_What to do_.
Could you repeat all of the entries below word for word, apart from the pictures?

_Information provided_.
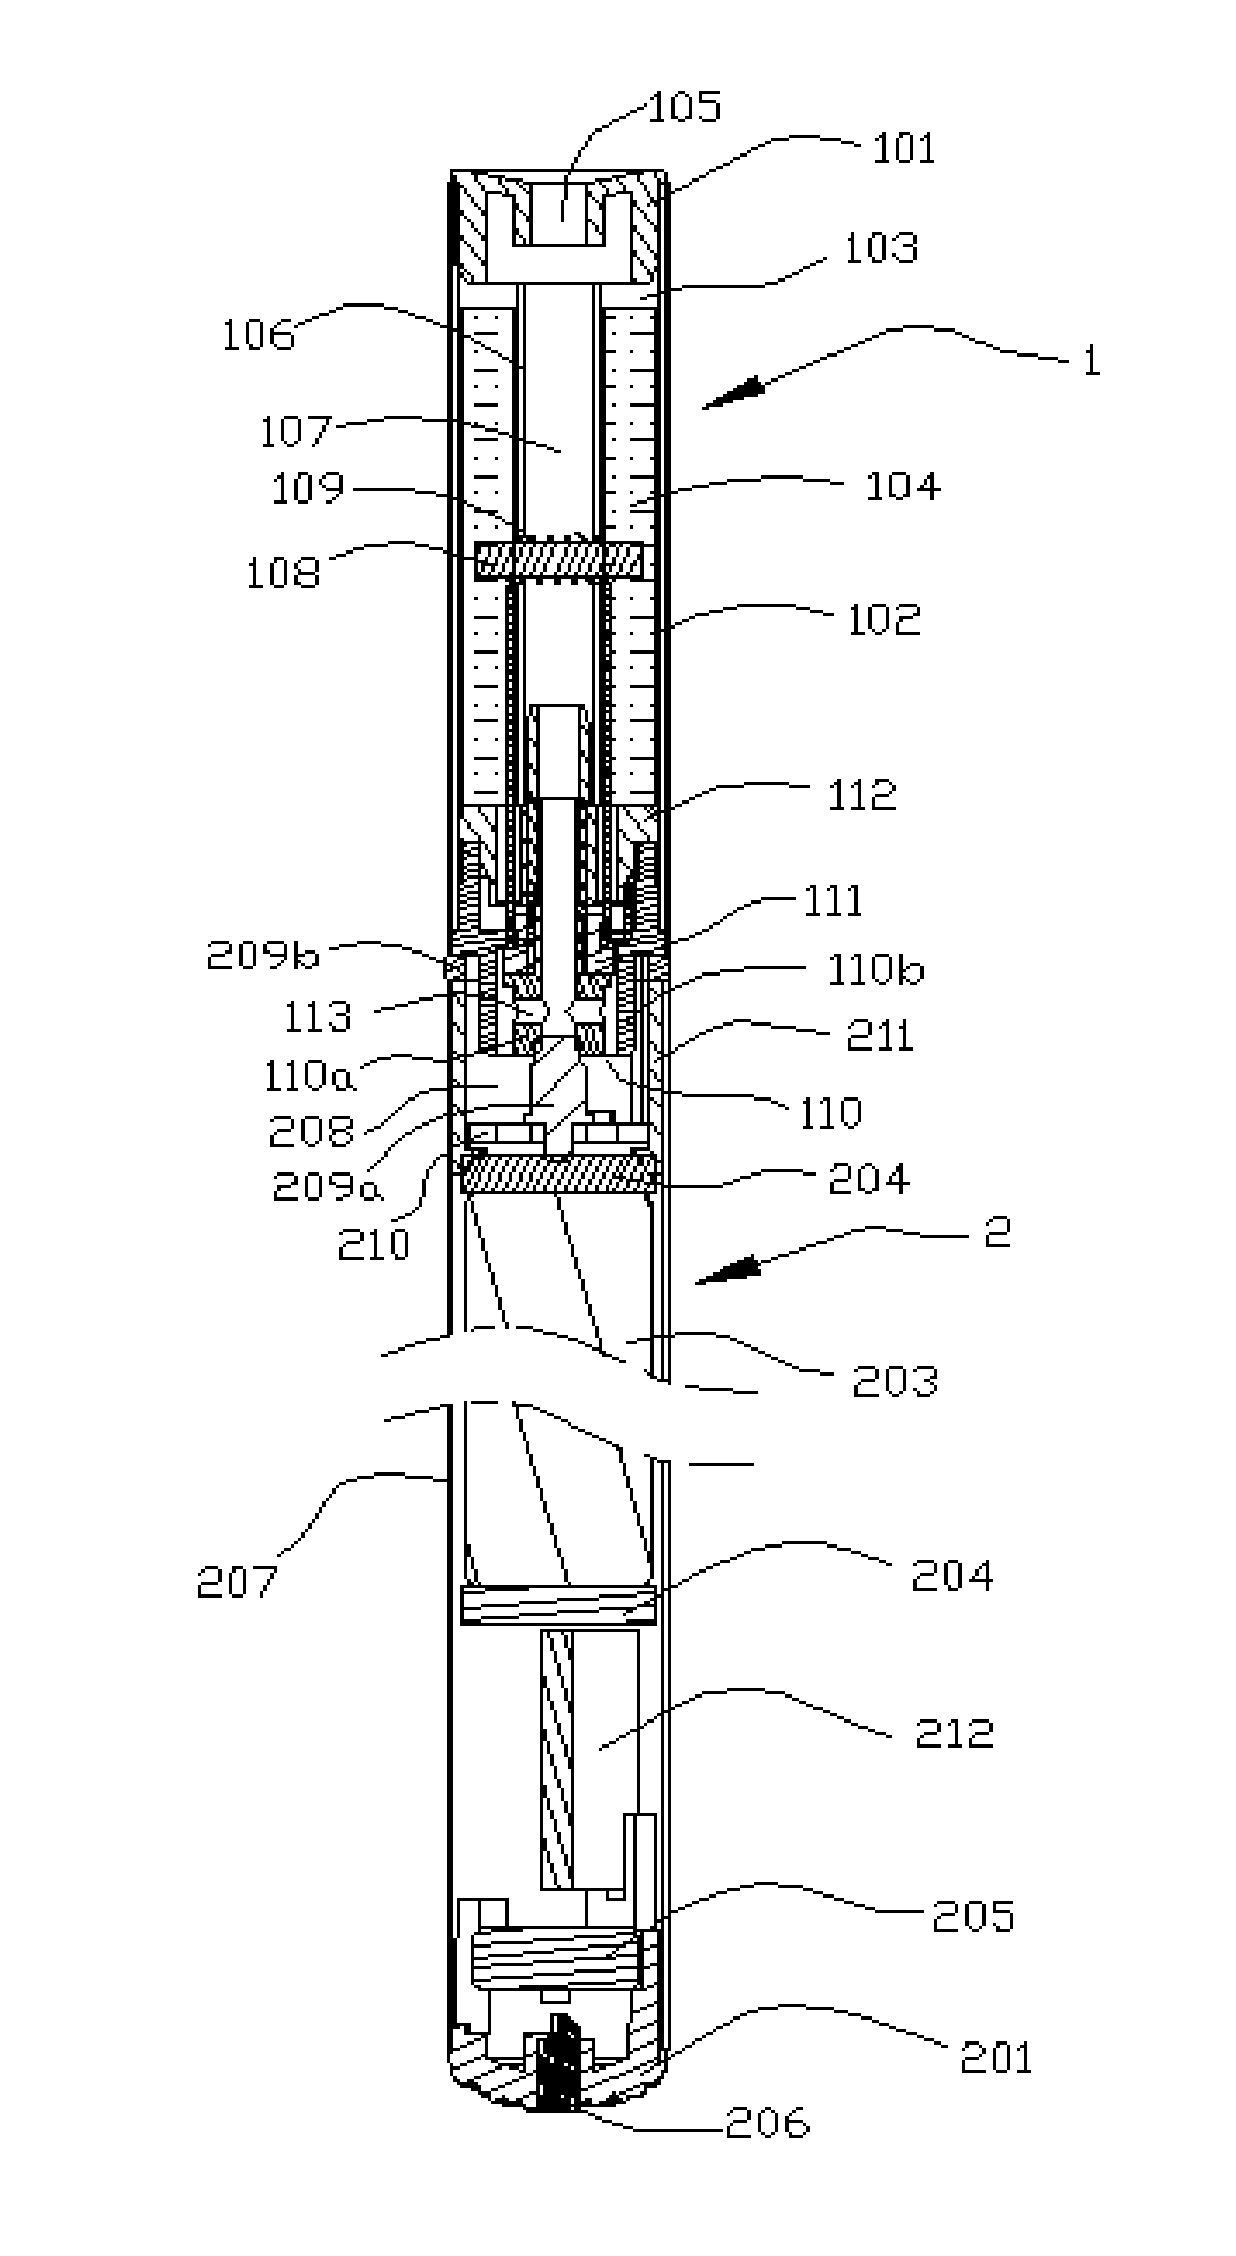 Electronic cigarette, atomizing device, power pole and charger connector
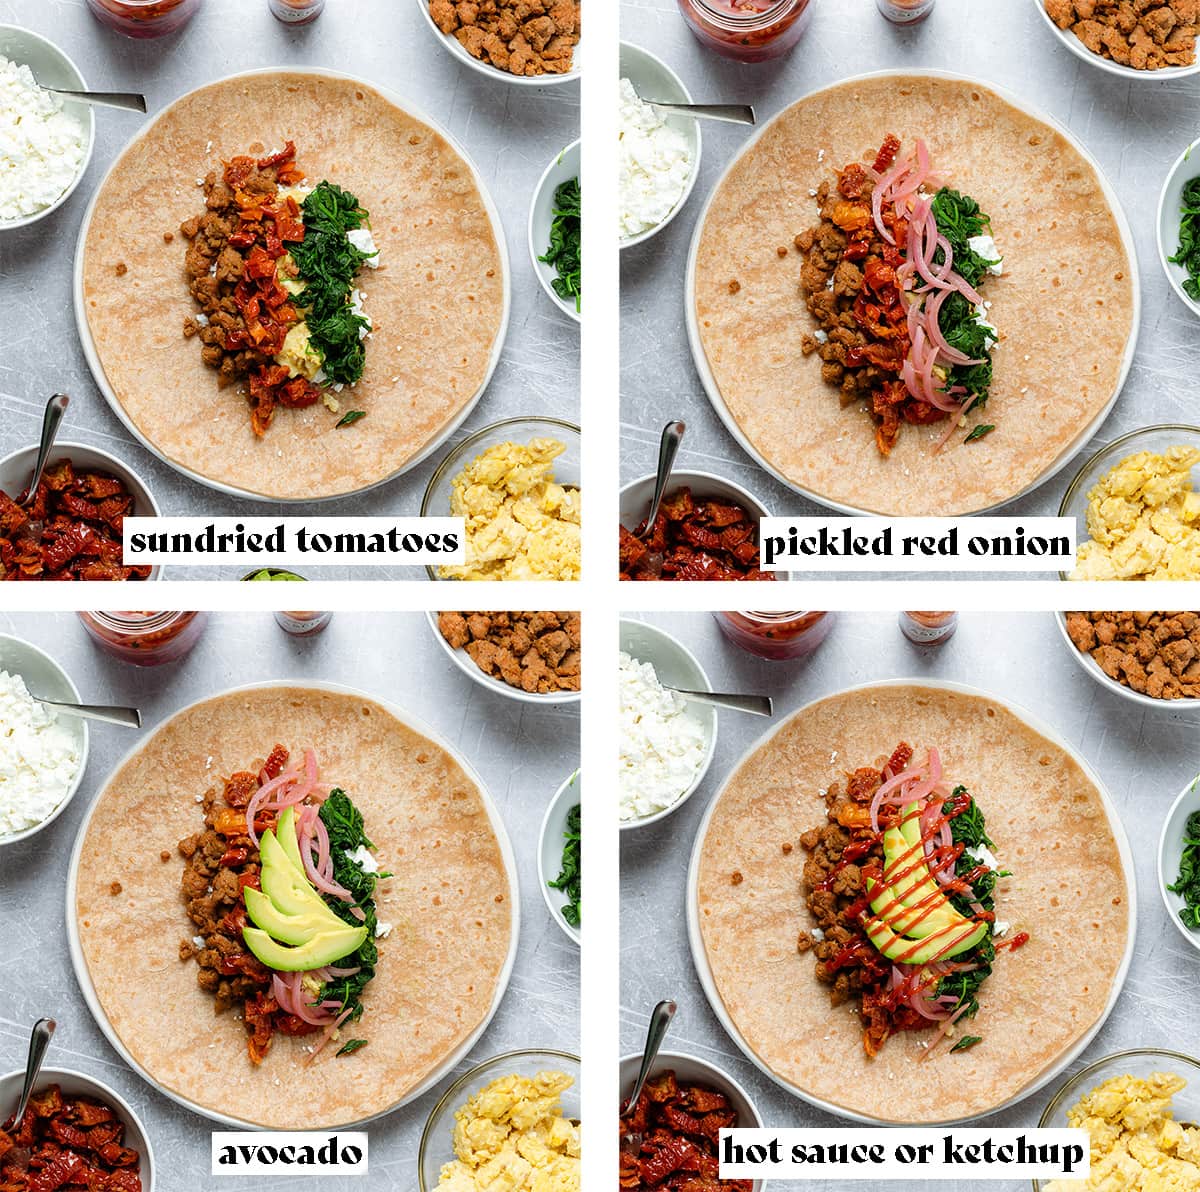 Four shots showing how to make breakfast burritos adding sun-dried tomatoes, onion, avocado, and hot sauce.
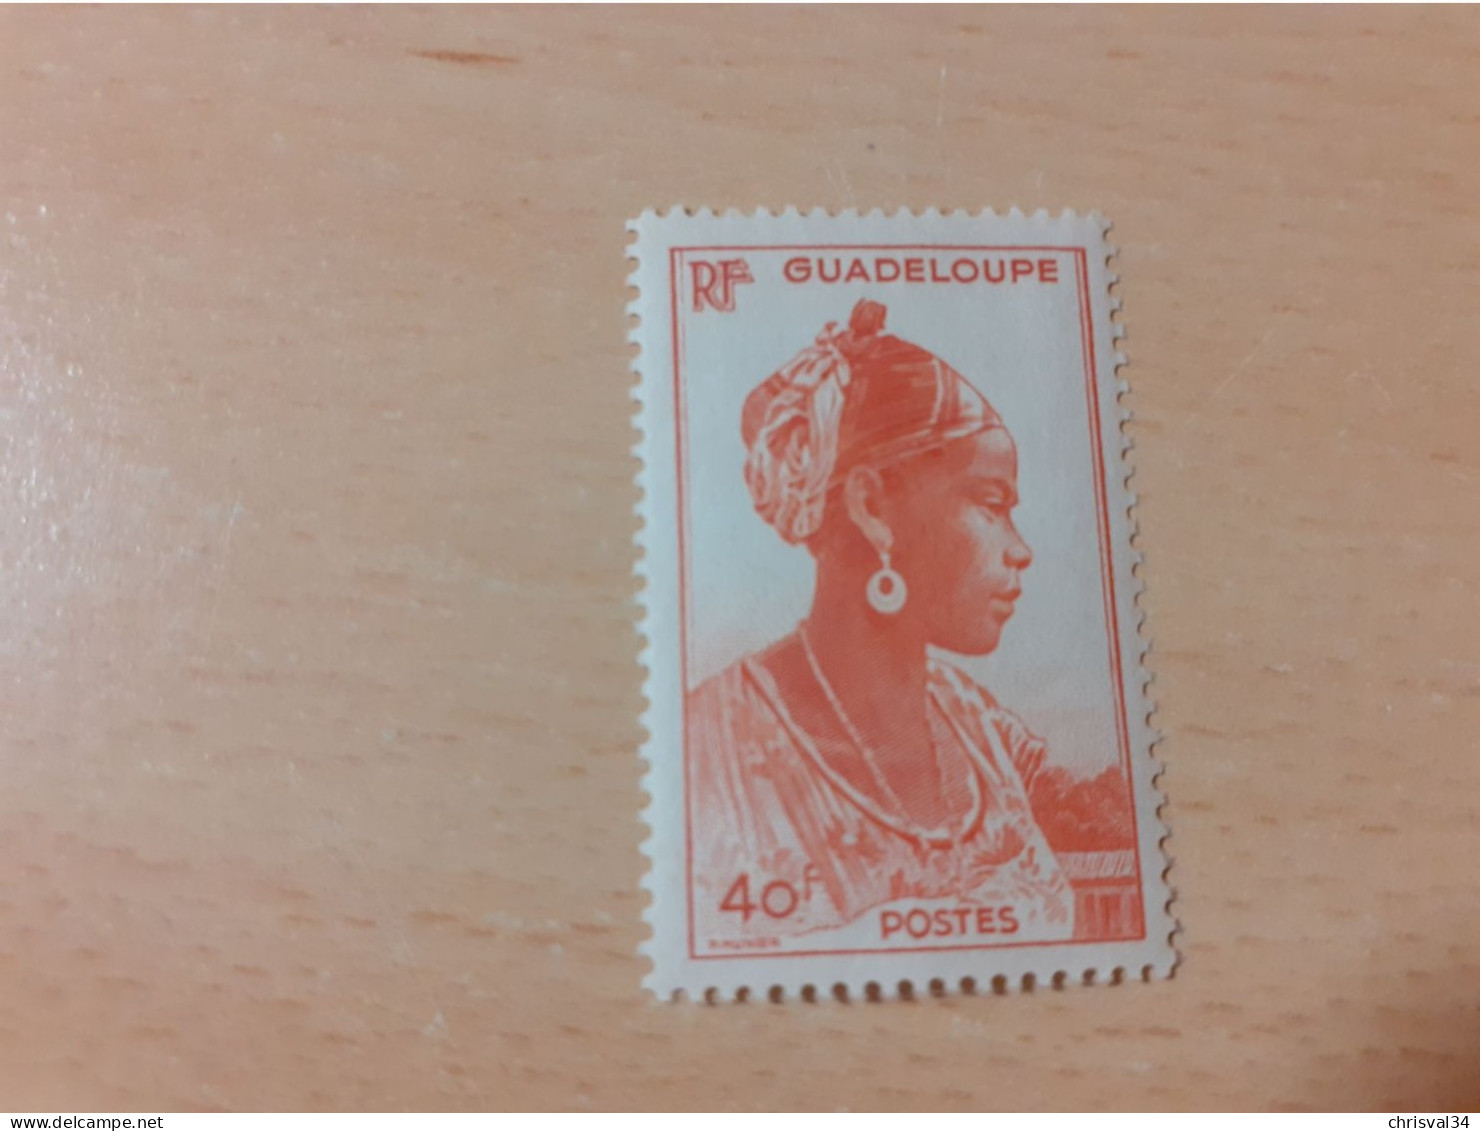 TIMBRE   GUADELOUPE       N  213    COTE  6,50   EUROS  NEUF  TRACE  CHARNIERE - Nuevos
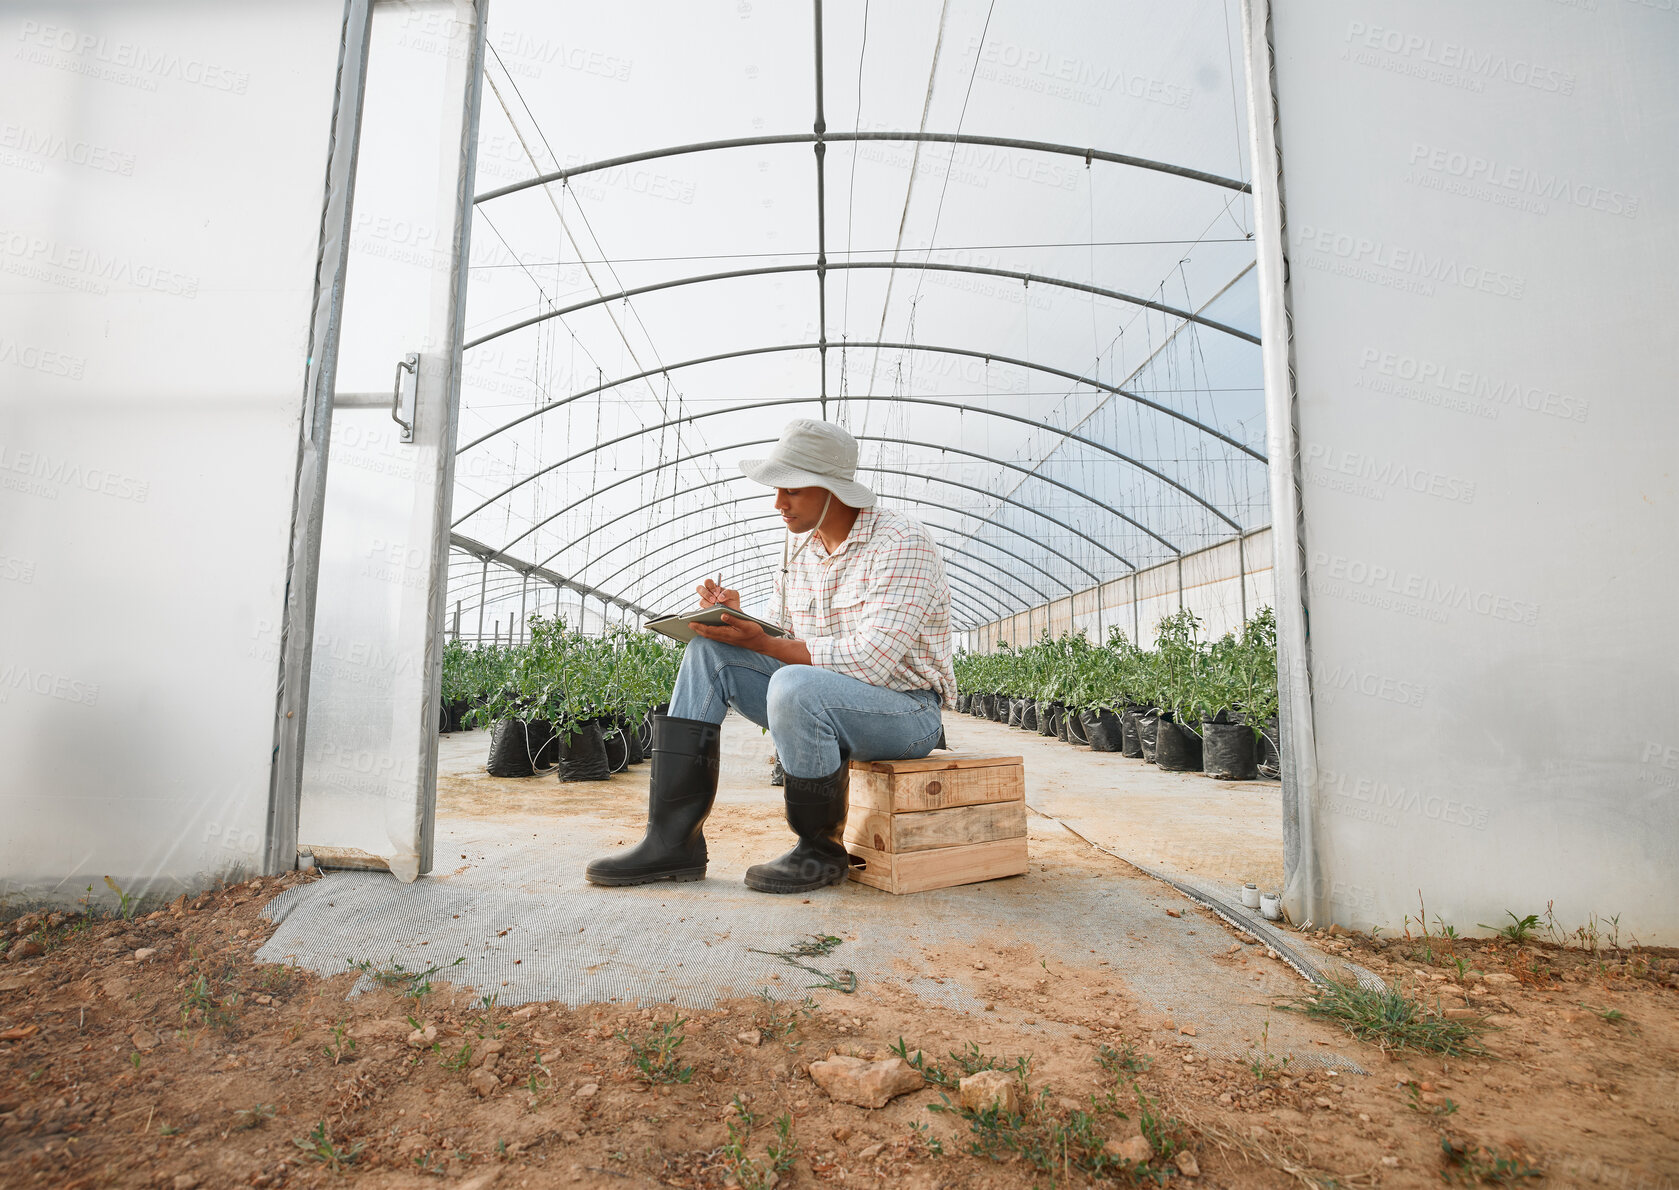 Buy stock photo Shot of a young man writing notes while working in a greenhouse on a farm
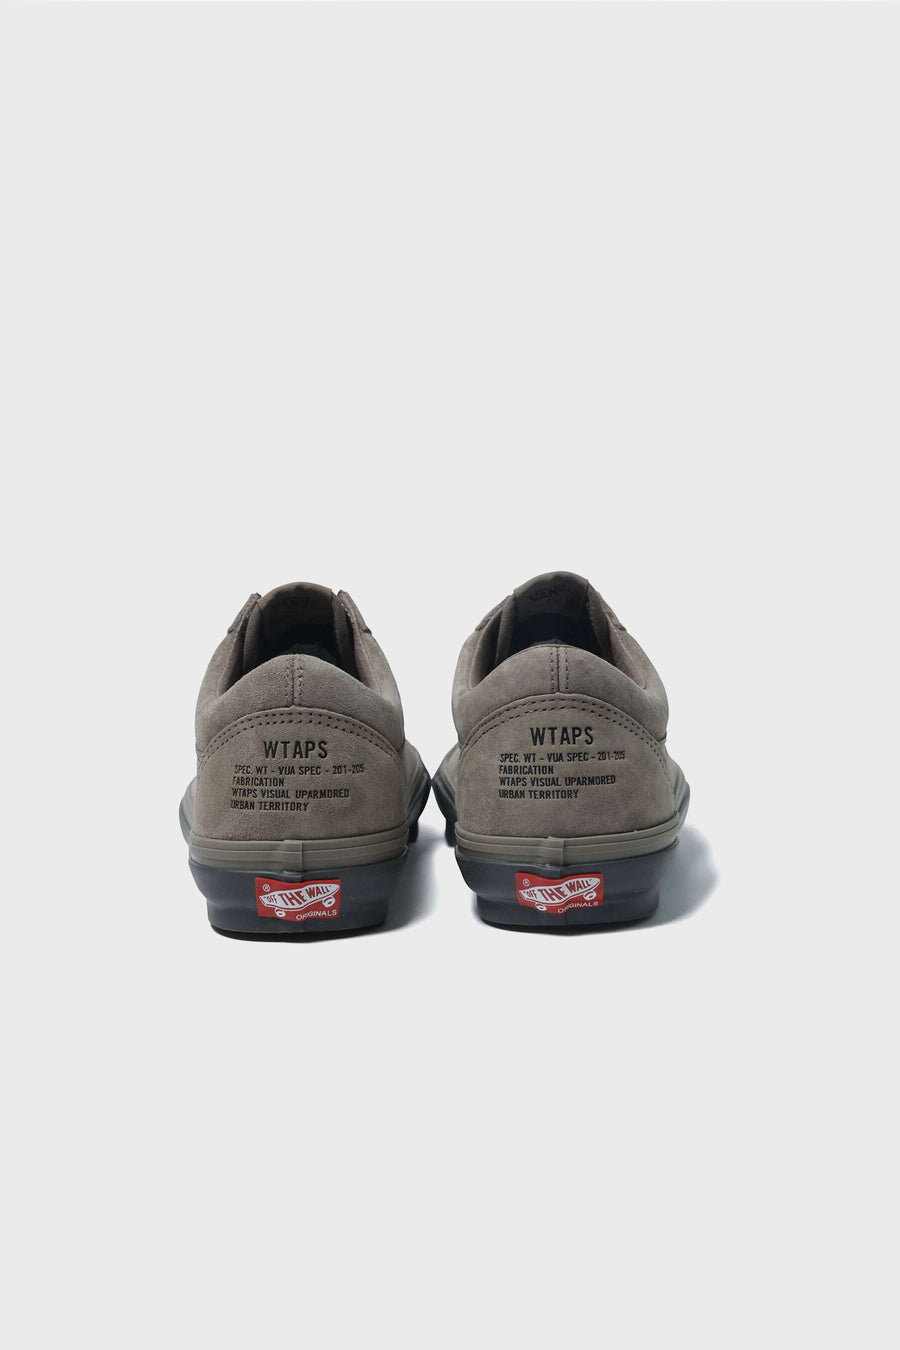 WTAPS OG Old Skool LX Coyote Brown 4P3XBMD (LAUNCH PRODUCT)

_Solution_.
 Electronic cigarette, atomizing device, power pole and charger connector
 Four shots showing how to make breakfast burritos adding sun-dried tomatoes, onion, avocado, and hot sauce.
 TIMBRE   GUADELOUPE       N  213    COTE  6,50   EUROS  NEUF  TRACE  CHARNIERE - Nuevos
 Buy stock photo Shot of a young man writing notes while working in a greenhouse on a farm
 WTAPS OG Old Skool LX Coyote Brown 4P3XBMD (LAUNCH PRODUCT)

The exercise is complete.